Лиознова сознательно пытается разрешить выявленные кинематографом противоречия: увлекательность интриги чаще всего приводила к облегченности, поправляемой необходимой долей риторики. С другой стороны, серьезность и политическая обстоятельность изложения приглушали или теснили приключенческий ход. И в этом и в другом случае «страдающим» объектом оказывались образы-характеристики героев, которые заменялись масками, типажами, игровыми фигурами.

Лиознова задумывает фильм, как идейный спор, идеологический поединок двух определяющих XX век мировоззрений. И то, что столкновение позиции не разрешено с окончанием войны, что острая полемика продолжается и в наши дни, сосредоточившись на проблеме войны и мира, делает картину Лиозновой долговременно актуальной. А то, что идеологический конфликт воплощен в двух центральных и множестве второстепенных, но важных действующих лиц, психологически точно и реалистически емко разработанных, обеспечивает неослабеваемый интерес к экранному рассказу и при неоднократных просмотрах. Собирательные, обобщенные образы героев при всей исходной тенденциозности не теряют характерности и обаяния. Интеллектуальный поединок включает аргументы понятные и достойные внимания. Каждая постулируемая идея получает действенное претворение, доказывается и подтверждается поведением, поступком. «Зона» приключения оказывается продолжением, непосредственным следствием идеологической борьбы.
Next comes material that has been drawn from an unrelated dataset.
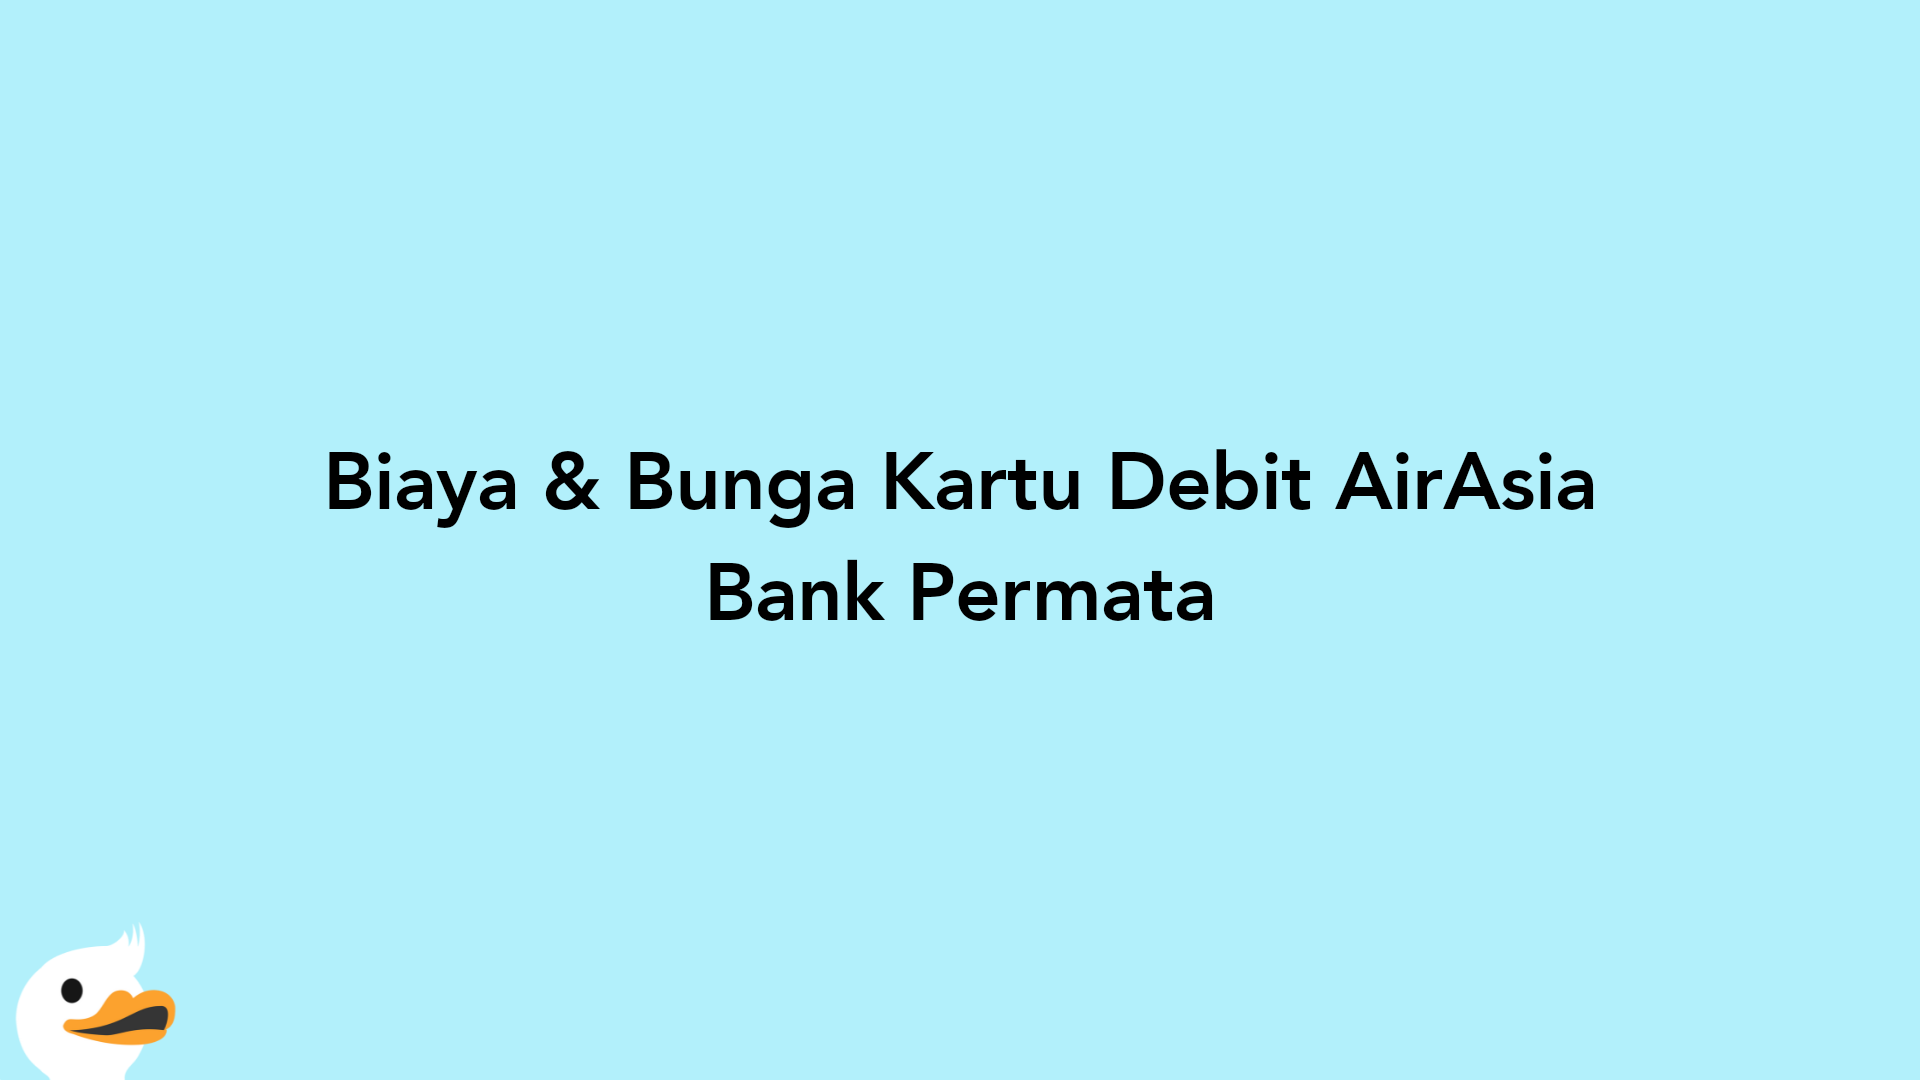 Biaya & Bunga Kartu Debit AirAsia Bank Permata

Именно в этой картине была найдена наиболее представительная модель приключенческого фильма – без всяких скидок, без снижения художественного уровня, без извинений за облегченность и упрощенность. Именно в этой картине жанр достиг своей вершины.
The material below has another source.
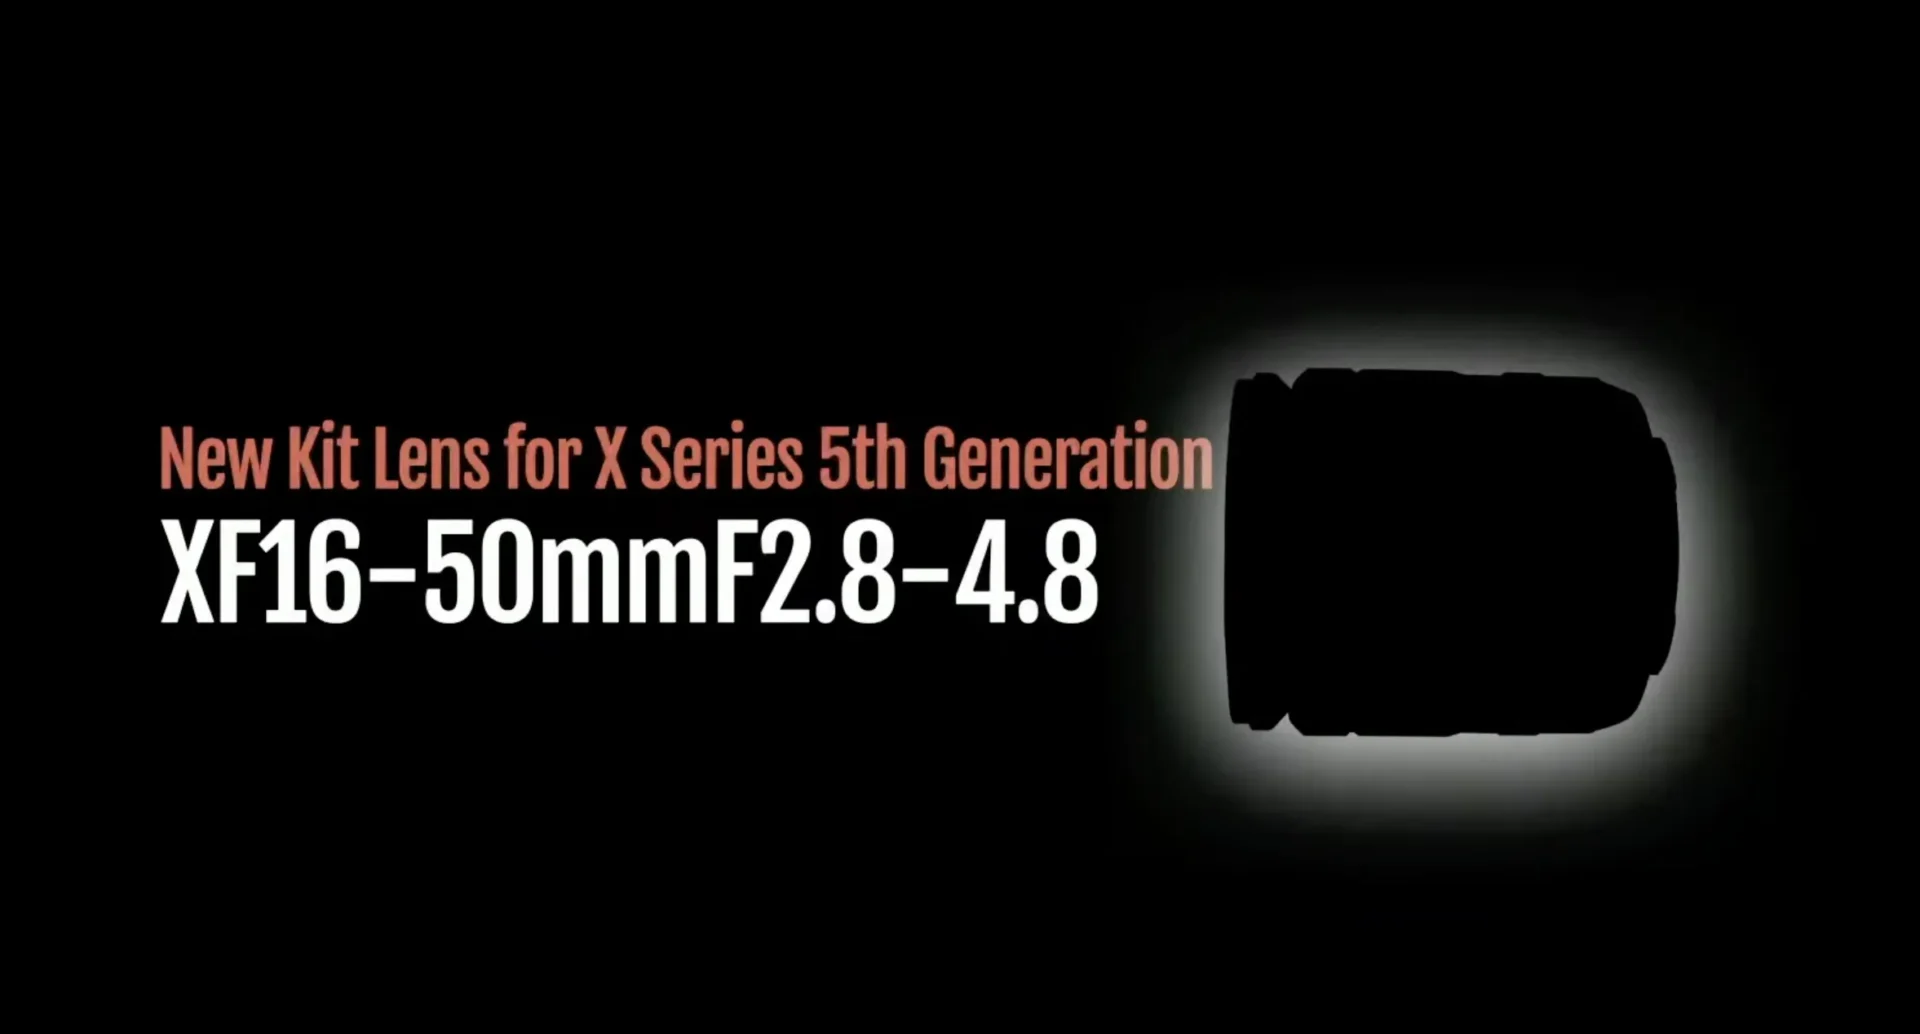 Fujifilm hé lộ ống kính kit XF 16-50mm F2.8-4.8 mới

Жанровая четкость должна была реализоваться в выборе актеров. И выбор был сделан безупречно. В целой серии предшествующих ролей В. Тихонов предлагал как бы две версии существования своих героев. В каждом из фильмов «Дело было в Пенькове», «Ч. П.», «Мичман Панин» актеру предстояло создать реальный психологический портрет персонажа, а также остранить его, предложить игровую, придуманную, условную формулу его поведения и самоощущения. Роль в роли — этот принцип оказался основополагающим и в фильм «Семнадцать мгновений весны», и актеру было на что опереться, что вспомнить, ибо именно с названными фильмами связаны его наиболее яркие творческие успехи. Найдя верный тон некую нейтральную маску, актер из нее и совершав «вылазки» в игровые, притворные обличья и в мгновения искренности, когда наедине с самим собой или единомышленниками может стать самим собой. Подобных выходов за пределы маски немного: Штирлиц должен быть постоянно среди чужих, а стало быть, вести игру, не вызывающую нареканий. Спокойствие, ровный голос, стремление не выделяться –  черты разведчика — здесь постоянно вызывают интерес не только потому, что Штирлиц — центральный образ, но и потому, что В. Тихонов находит органику «подключений» к каждому, с кем сводят его события: к Мюллеру и Шеленбергу, к пастору Шлагу и профессору Плейшнеру.
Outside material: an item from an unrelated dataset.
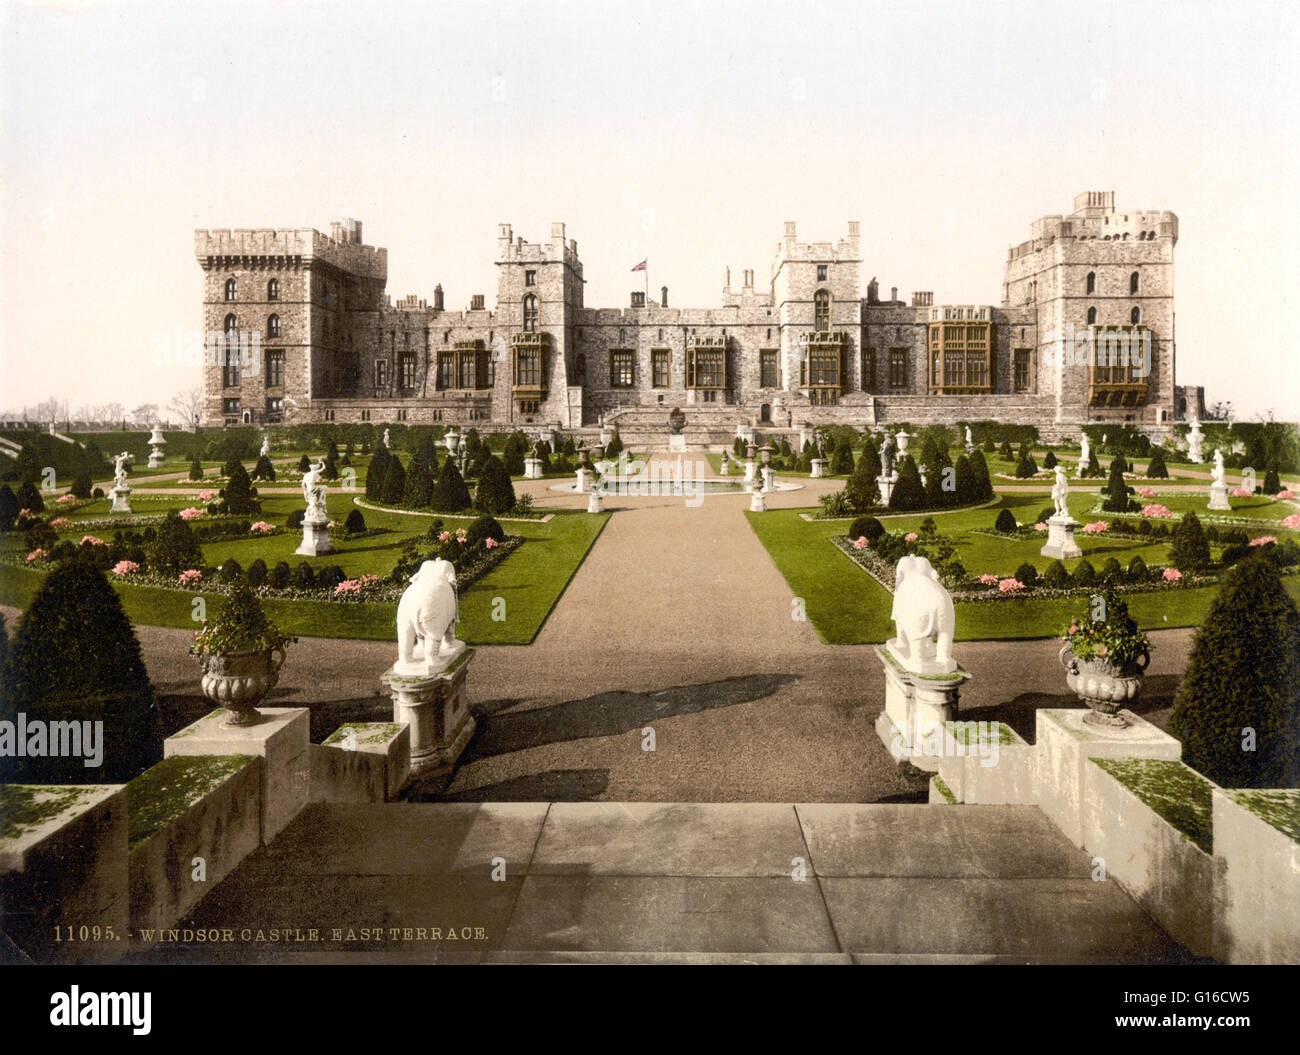 Windsor, Est terrazza, Inghilterra. Il Castello di Windsor è una residenza reale di Windsor nella contea inglese del Berkshire. Il castello è notevole per la sua lunga associazione con la famiglia reale britannica e per la sua architettura. Il castello originale è stato costruito nella Foto Stock

Антигерой в фильме – Мюллер. Его актерство – следствие его профессии, поглощающей личность, обнаруживающей пределы только перед лицом смертельном опасности. Л. Броневой и раскрывает не лишенную отрицательного обаяния натуру персонажа, лицедействующего с убедительностью и удовольствием — по призванию. Это убежденный враг, фигура многоликая, сильная, опасная. Это фигура принципиально новая в творчестве Лиозновой, ибо режиссерские касания сферхотрицательного всегда были однозначны: схватывая явление Лиознова представляла его сразу разоблаченным. Здесь, в «Семнадцати мгновениях...» идет последовательное исследование типа, его оснований, его обликов, от серии к серии становящееся все более исчерпывающим. Причем характеристика негативного типа в данном случае, если так можно сказать, относительна: образ Исаева-Штирлица дает постоянный тон для понимания и оценки все новых и весьма разнообразных превращений Мюллера. В этом суть драматического расположения фигур и актерского решения двух центральных образов.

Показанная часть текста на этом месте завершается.